The Lesson”: Though its plot feels somewhat familiar, director Alice Troughton’s noirish drama about a tutor who become mired in the secrets of a grief-damaged British family makes for absorbing entertainment. Richard E. Grant, portraying a famed writer with a cruel streak, is particularly fine. (Opens Friday at area theaters) 

“Revoir Paris”: Numb and confused, a mass-shooting survivor finds clarity and begins her emotional recovery when she starts spending time with fellow survivors in director Alice Winocour’s thoughtful and moving French drama. An exquisitely nuanced Virginie Efira stars. (Opens Friday at Smith Rafael Film Center) 

“Scarlet”: A young woman and her devoted father anchor this genre-fluid tale directed by Pietro Marcello and set in post–World War I France. Narratively and tonally, the movie is all over the map. But its unpredictability impresses, sometimes wondrously. (Opens Friday at Opera Plaza Cinema, San Francisco, and Smith Rafael Film Center) 

“Once Upon a Time in Uganda”: A Ugandan brick maker and a New York movie fanatic join forces to make 1980s-style action flicks in Cathryne Czubek’s entertaining and spirited documentary. (Opens Friday at Alamo Drafthouse, San Francisco) 

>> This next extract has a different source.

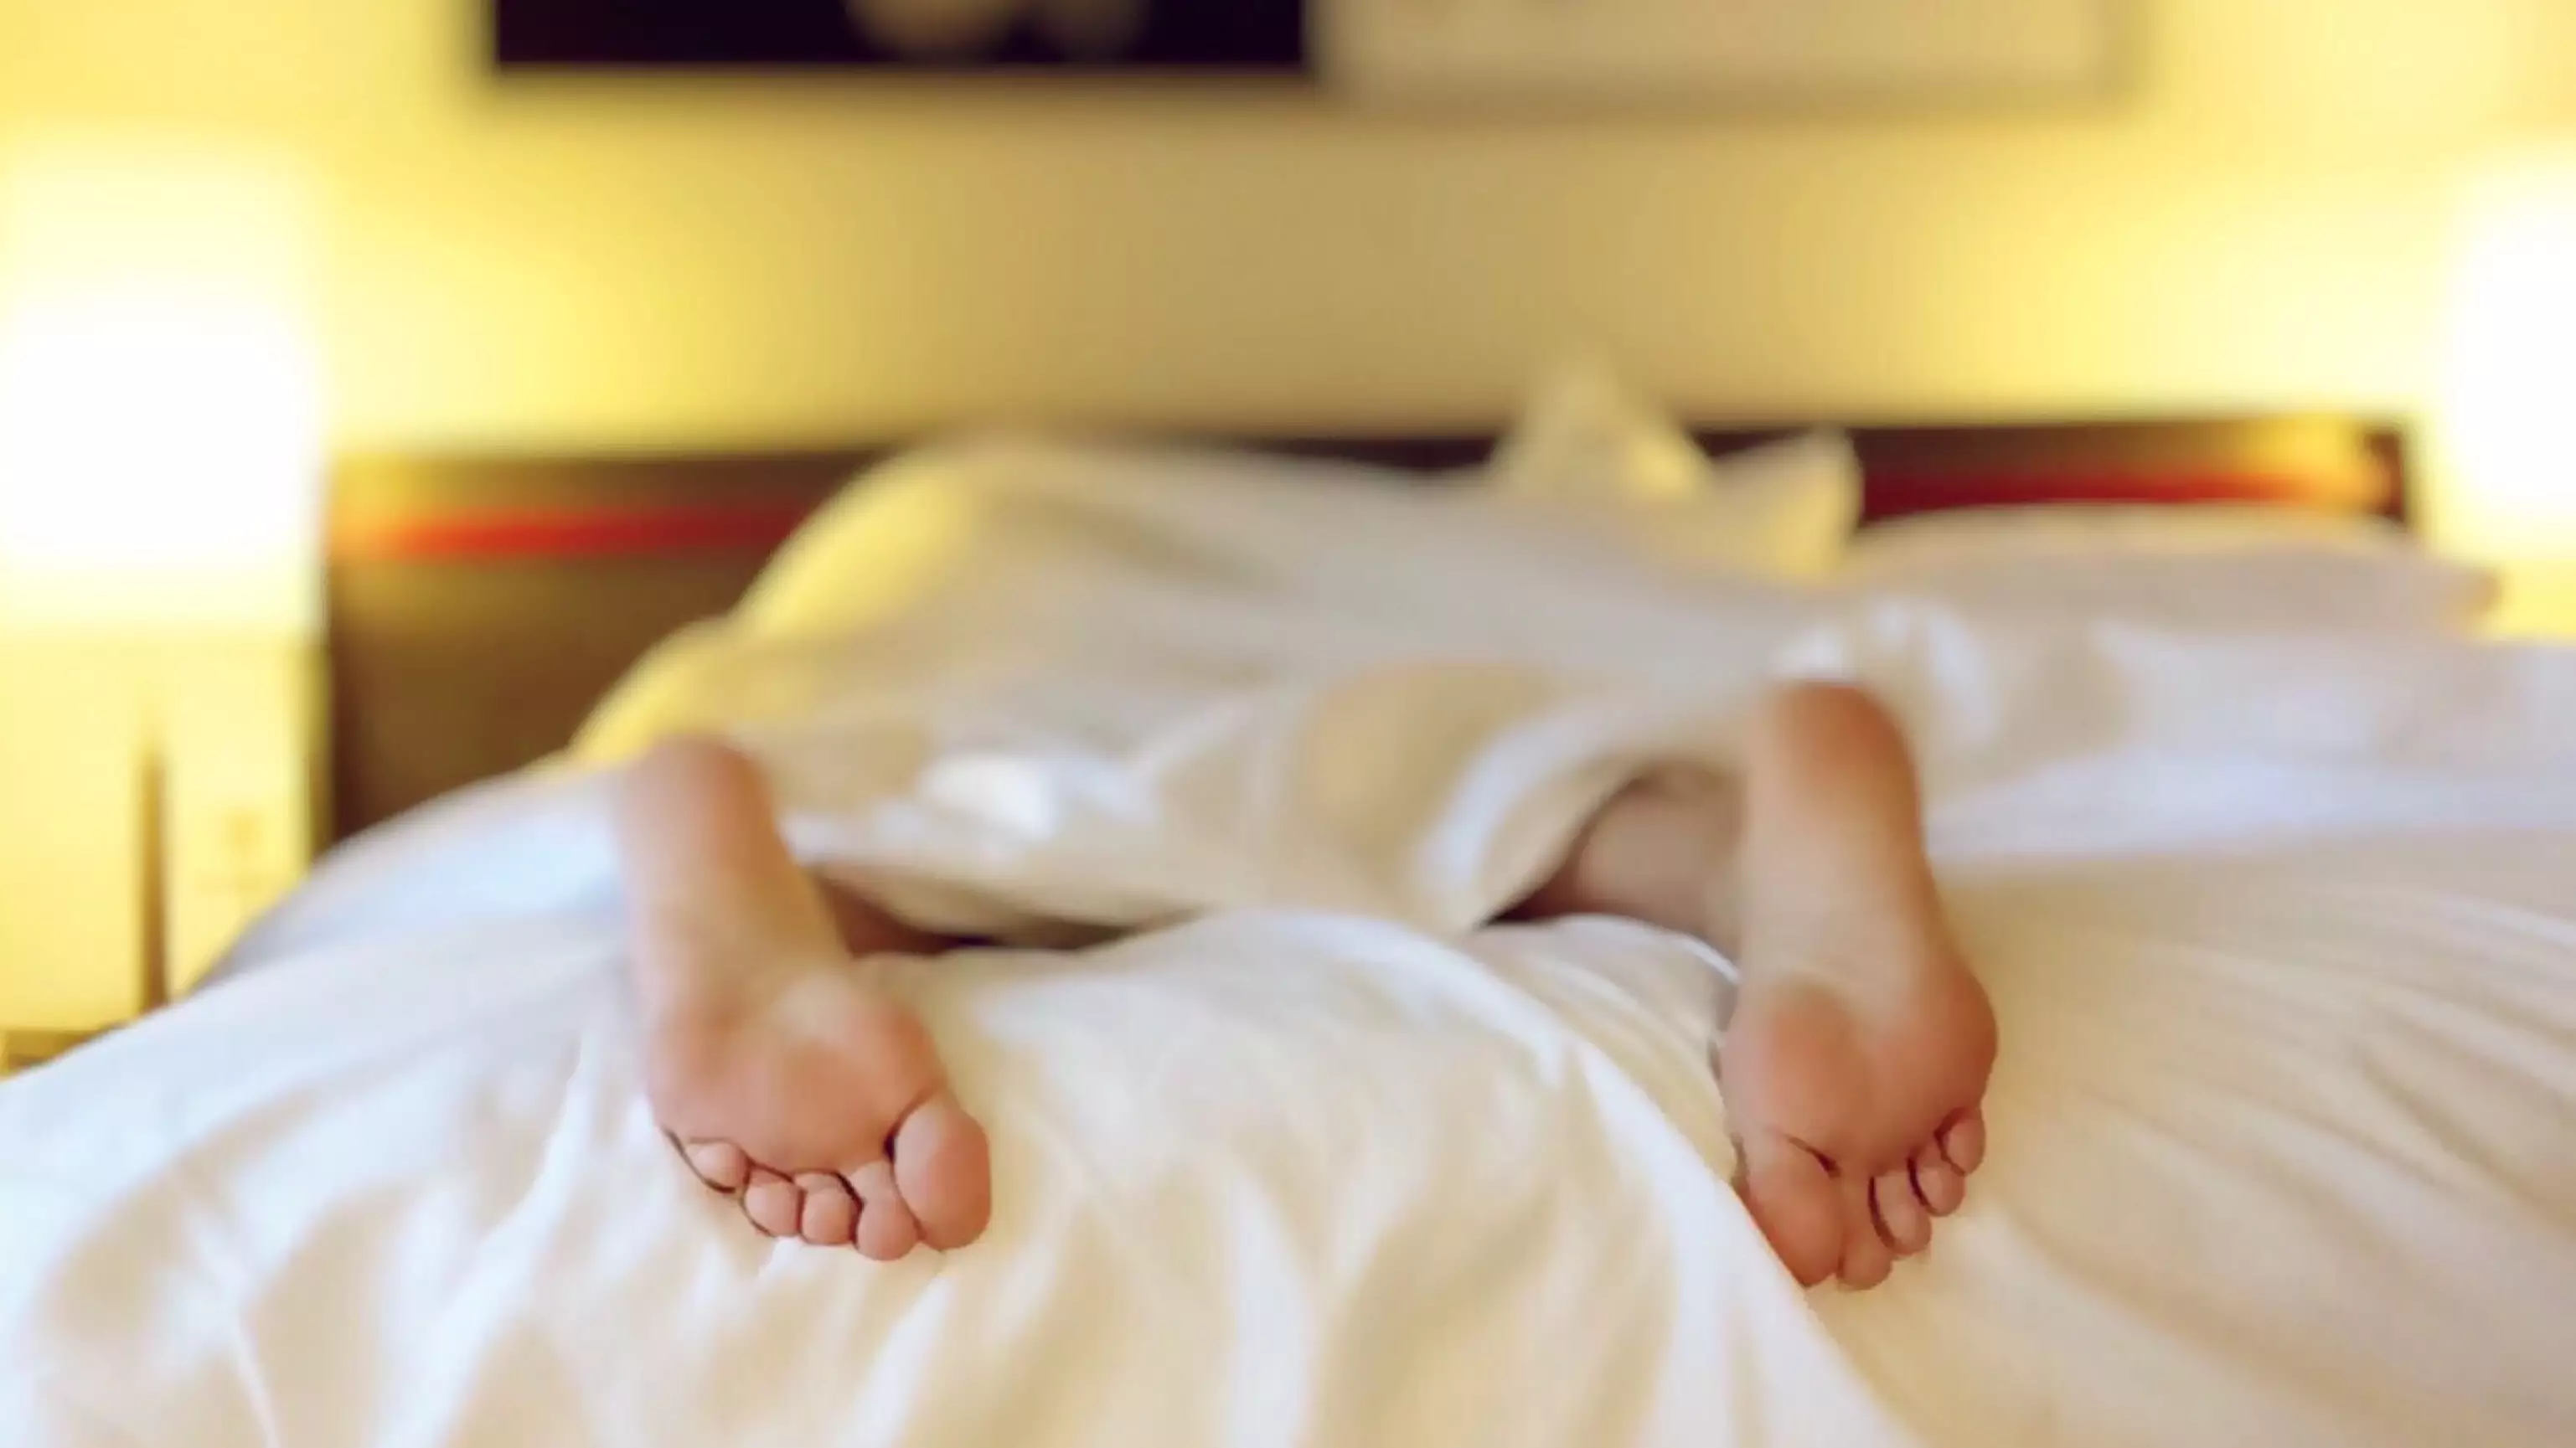 NHS Doctor Explains Why You Should Wear Socks When You Sleep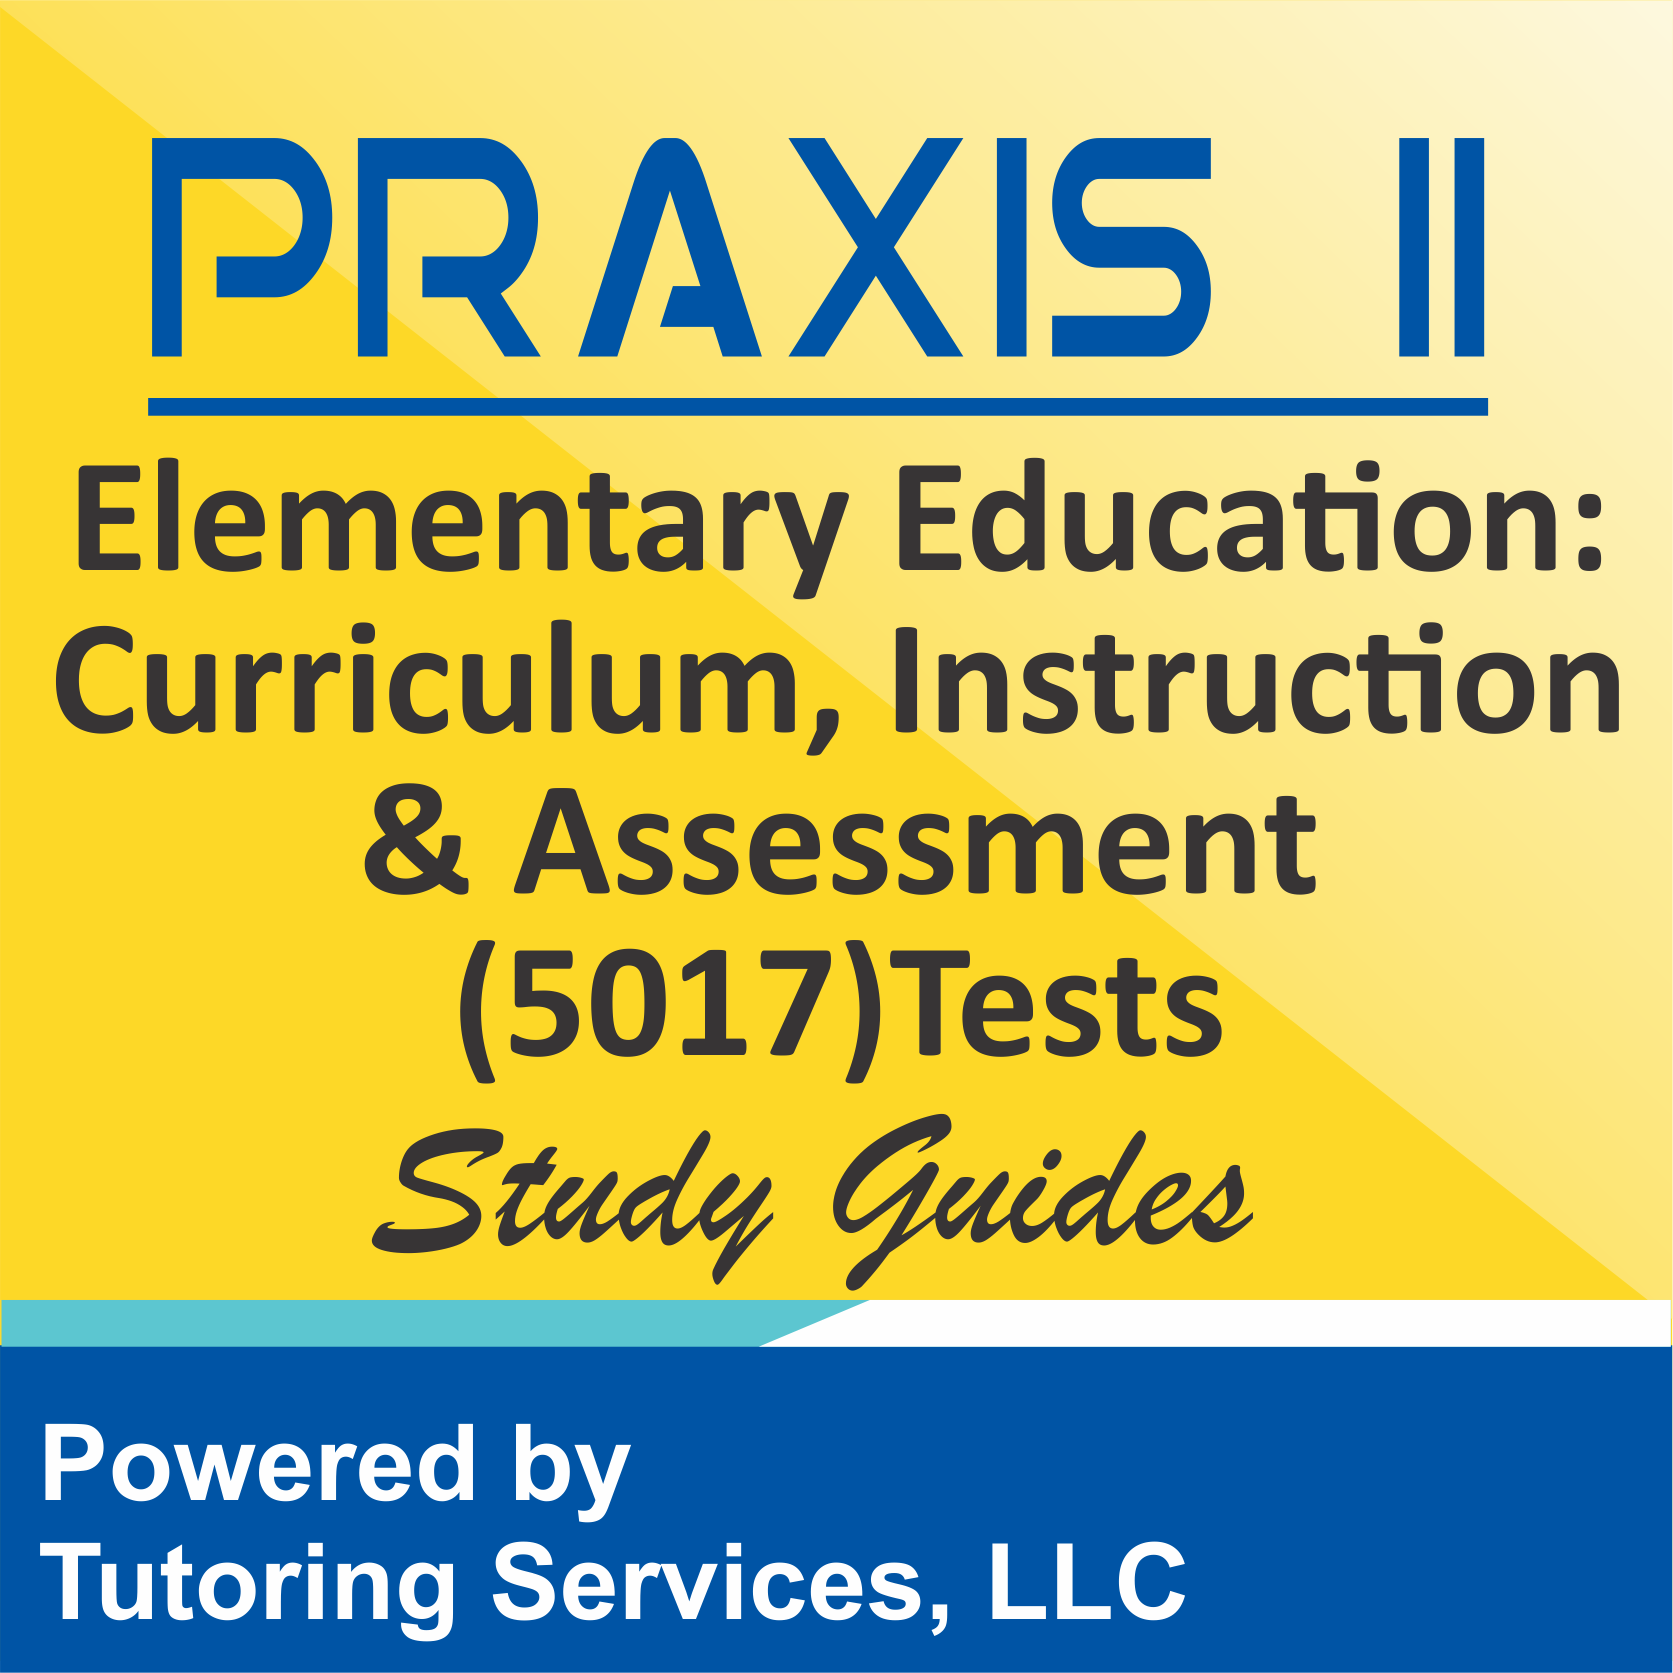 Praxis II Elementary Education: Curriculum, Instruction, and Assessment (5017) Test Information

“The YouTube Effect”: Covering everything from cat videos to algorithms, this sometimes-cautionary documentary examines the world of YouTube and the information site’s immense success and influence. Filmmaker Alex Winter supplies no revelations, but he presents his subject comprehensively and engagingly. (Opens Friday at Alamo Drafthouse, San Francisco).